But many executives leave China with a shared caution: while things may not be getting worse, the risks of an expansion in China still outweigh the rewards, they say.

In a series of high-profile events, Chinese officials pledged equal treatment for foreign firms, expressed confidence China will hit its 5% growth target this year and President Xi Jinping held an audience with 15 US business leaders to deliver the message that the theory of “peak China” was just hot air.

Foreign direct investment represents only 3% of total investment in China, but it has been falling for two consecutive years. Investment from overseas has been seen as a signal of confidence in the world’s second-largest economy and a way to sharpen the competitiveness of Chinese firms.

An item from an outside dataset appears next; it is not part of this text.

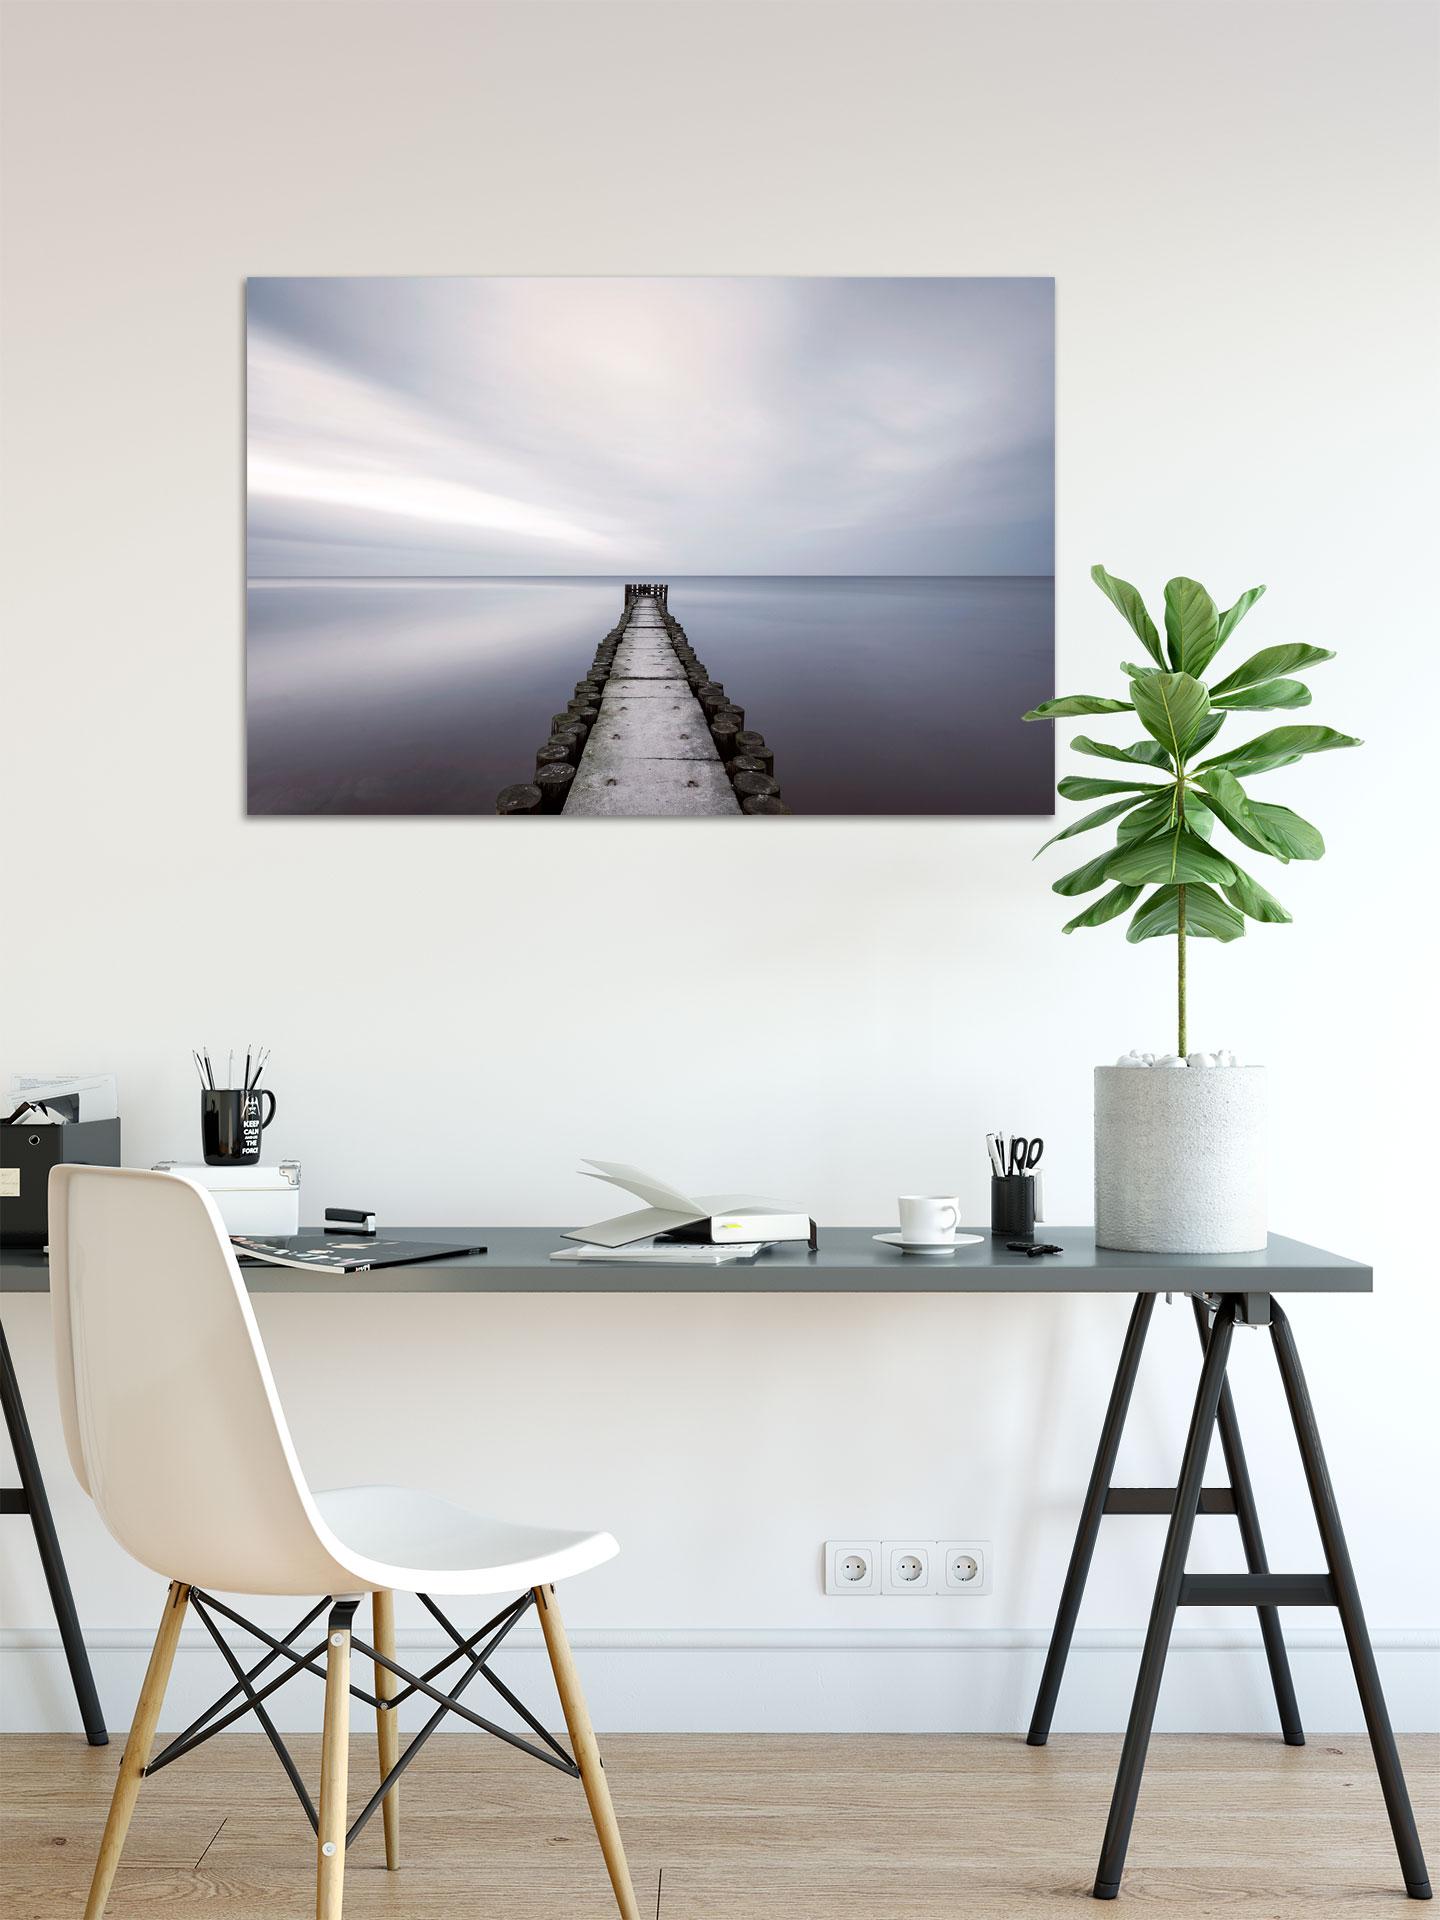 LCW494-stille-ostsee-wandbild-bild-auf-leinwand-acrylglas-aludibond-arbeitszimmer
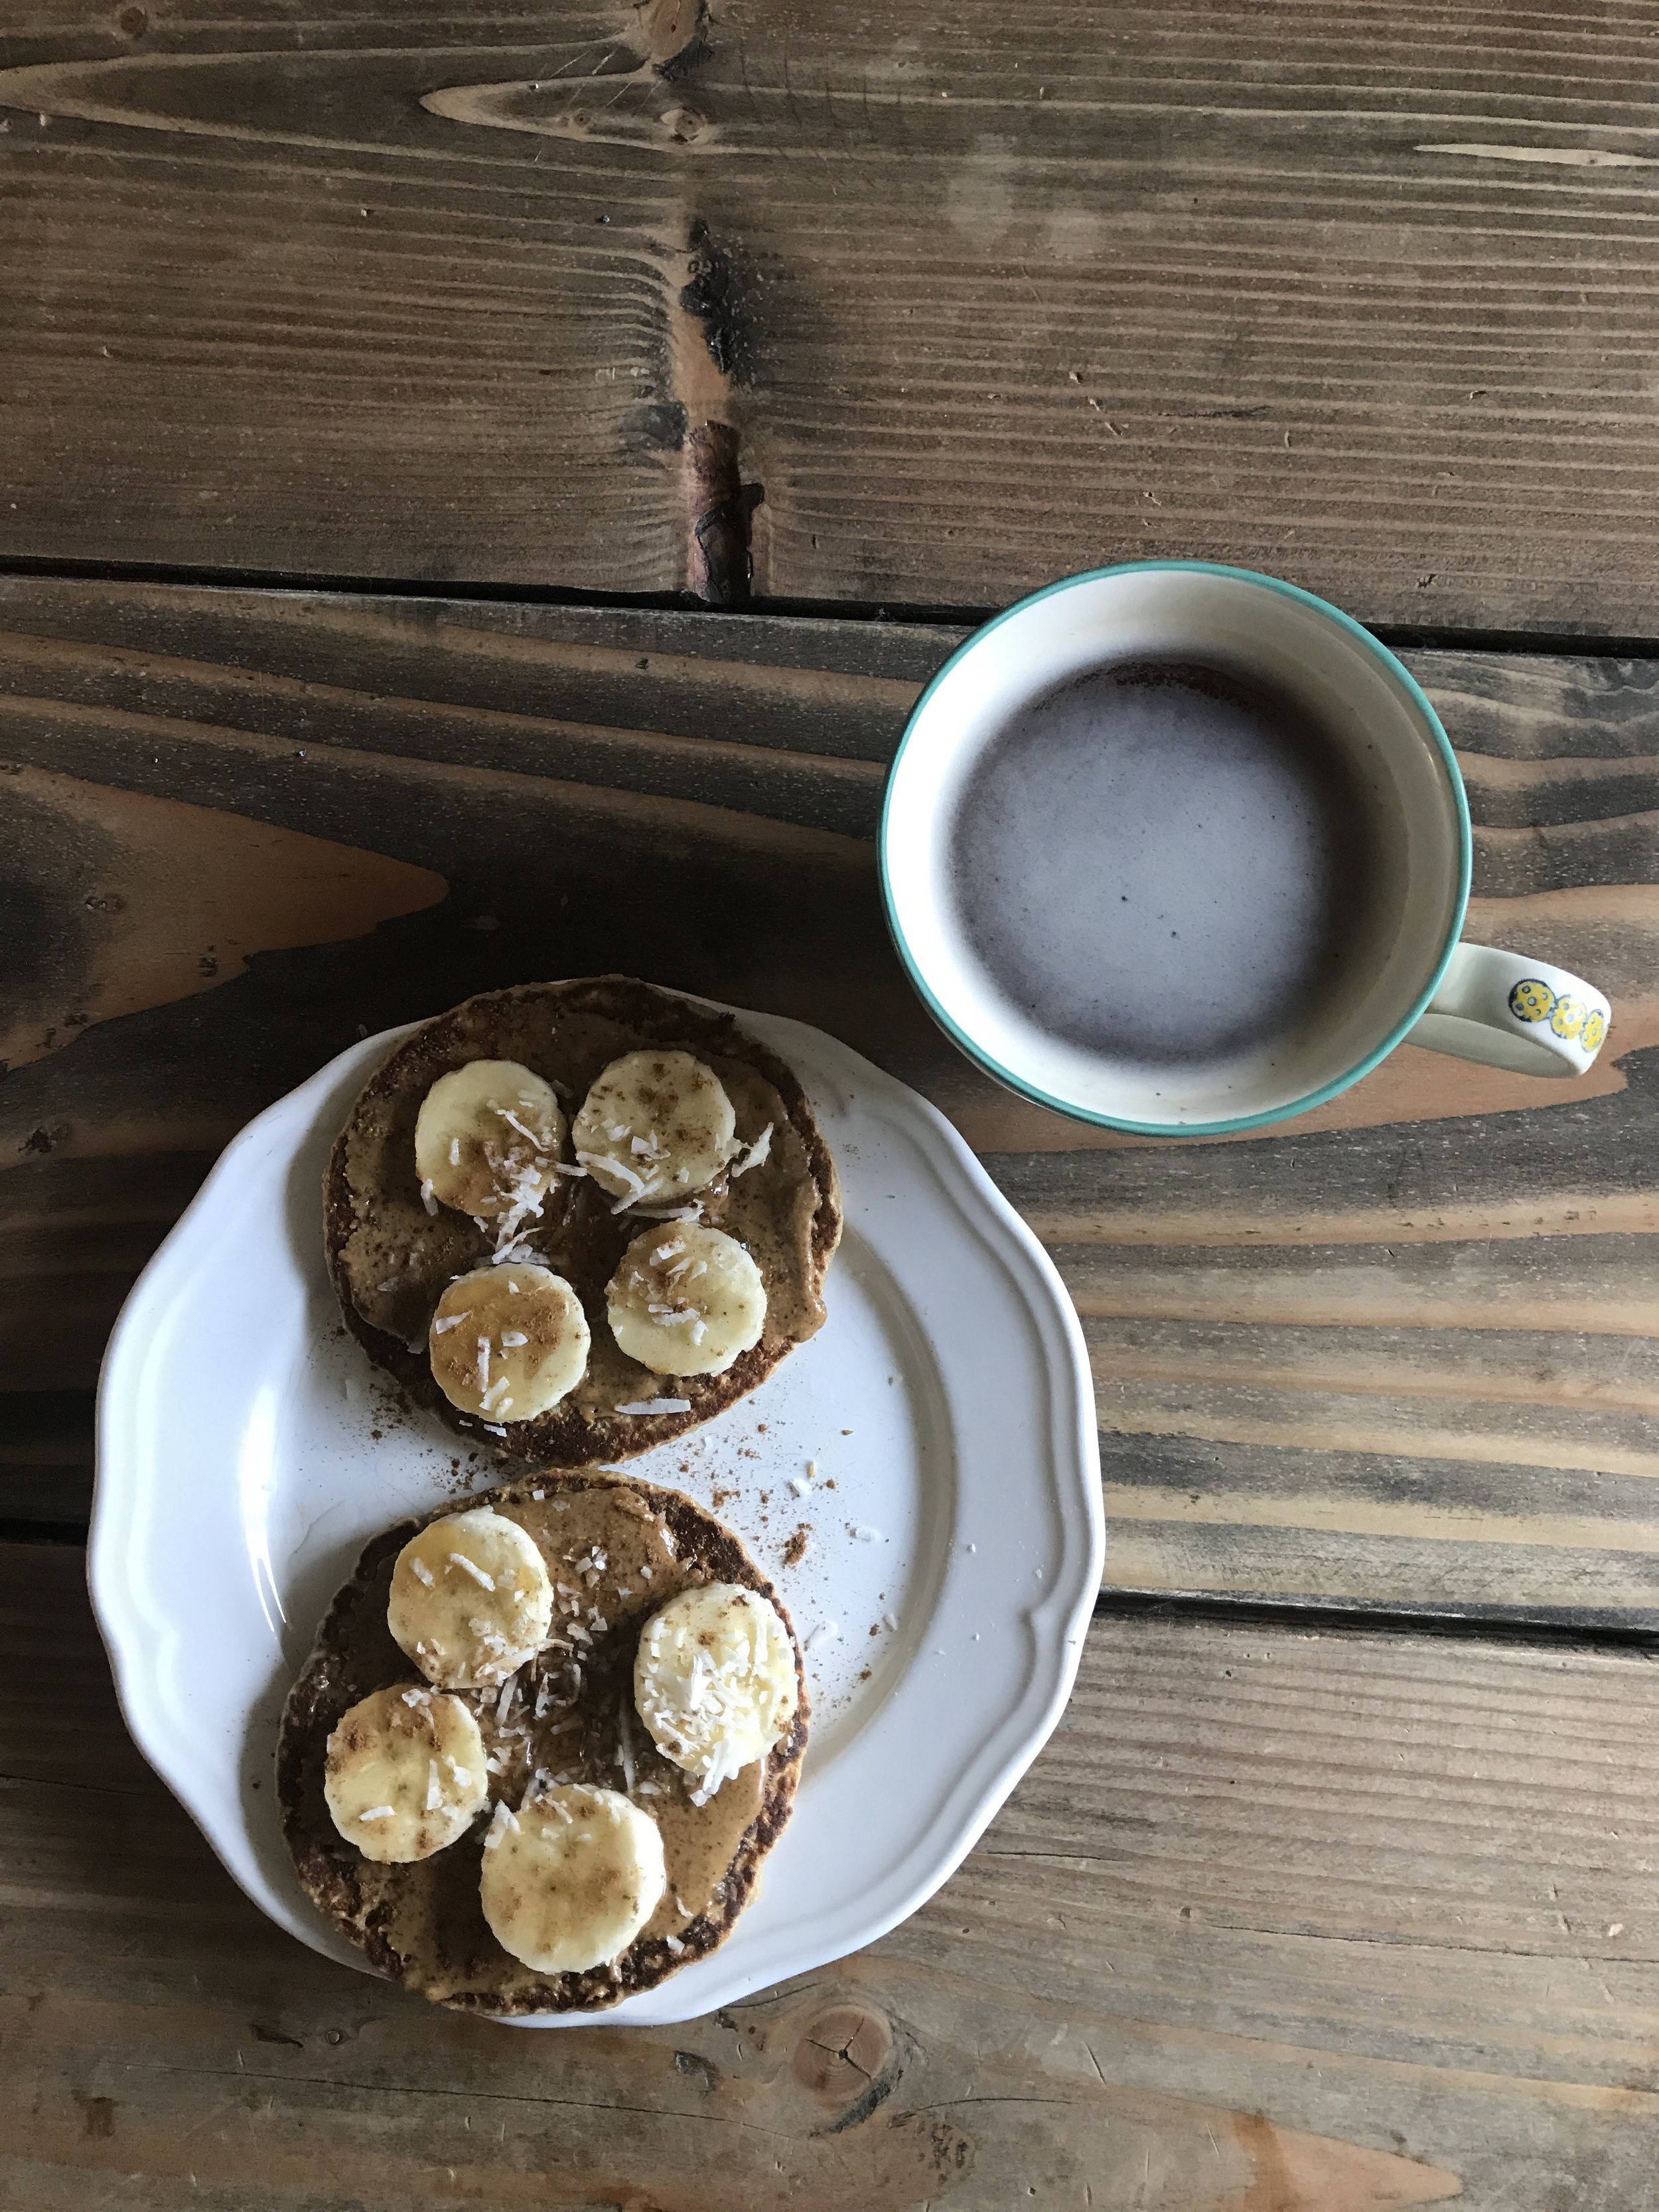 Recipe for these pancakes is here:https://www.kimscravings.com/banana-oat-blender-pancakes/

Data from China’s commerce ministry showed a decline of 8% in foreign direct investment last year. A wider gauge from the currency exchange regulator including flows of retained earnings showed a decline of about 80% in 2023 to $33 billion. It was the steepest drop since records began in 1980.

Among the factors that have dimmed China’s allure: concerns about the durability of an economic recovery, increasing regulation, Beijing’s push to forge national champions in strategic industries, and relations with the United States, widely seen as steadier but still strained.

Chinese companies with government ties have also managed to avoid the profit-and-loss discipline foreign investors face, leading to crushing overcapacity in industries such as vehicle production, executives said.

“We would like to see Chinese competitors also have to make profits to stay alive,” Mats Harborn, president of truckmaker Scania China, told Reuters on the sidelines of Invest China, one of three forums Beijing hosted.

“This would lead to a consolidation,” he said. If it happened, “the weaker actors in all parts of the supply chain are forced out, and the serious ones, who have the ability to live in the competitive market economy on their own terms, stay,” he said.

Other attendees and analysts said a sense of promise fatigue has set in for investors. China’s cabinet has since August announced at least 48 measures intended to restore foreign investor confidence.

Jens Eskelund, President of the European Chamber of Commerce in China, said most have not yet been backed by action. European firms still feel they operate at a disadvantage in market access, government procurement and being able to sit down with government officials, he said.

“The clearest indication of equal treatment will be when our members tell us they no longer experience these and other challenges,” he said.

He Yadong, a commerce ministry spokesperson, said the presence of so many multinational companies in China this week showed “the strong ‘magnetic attraction’ of the Chinese market”.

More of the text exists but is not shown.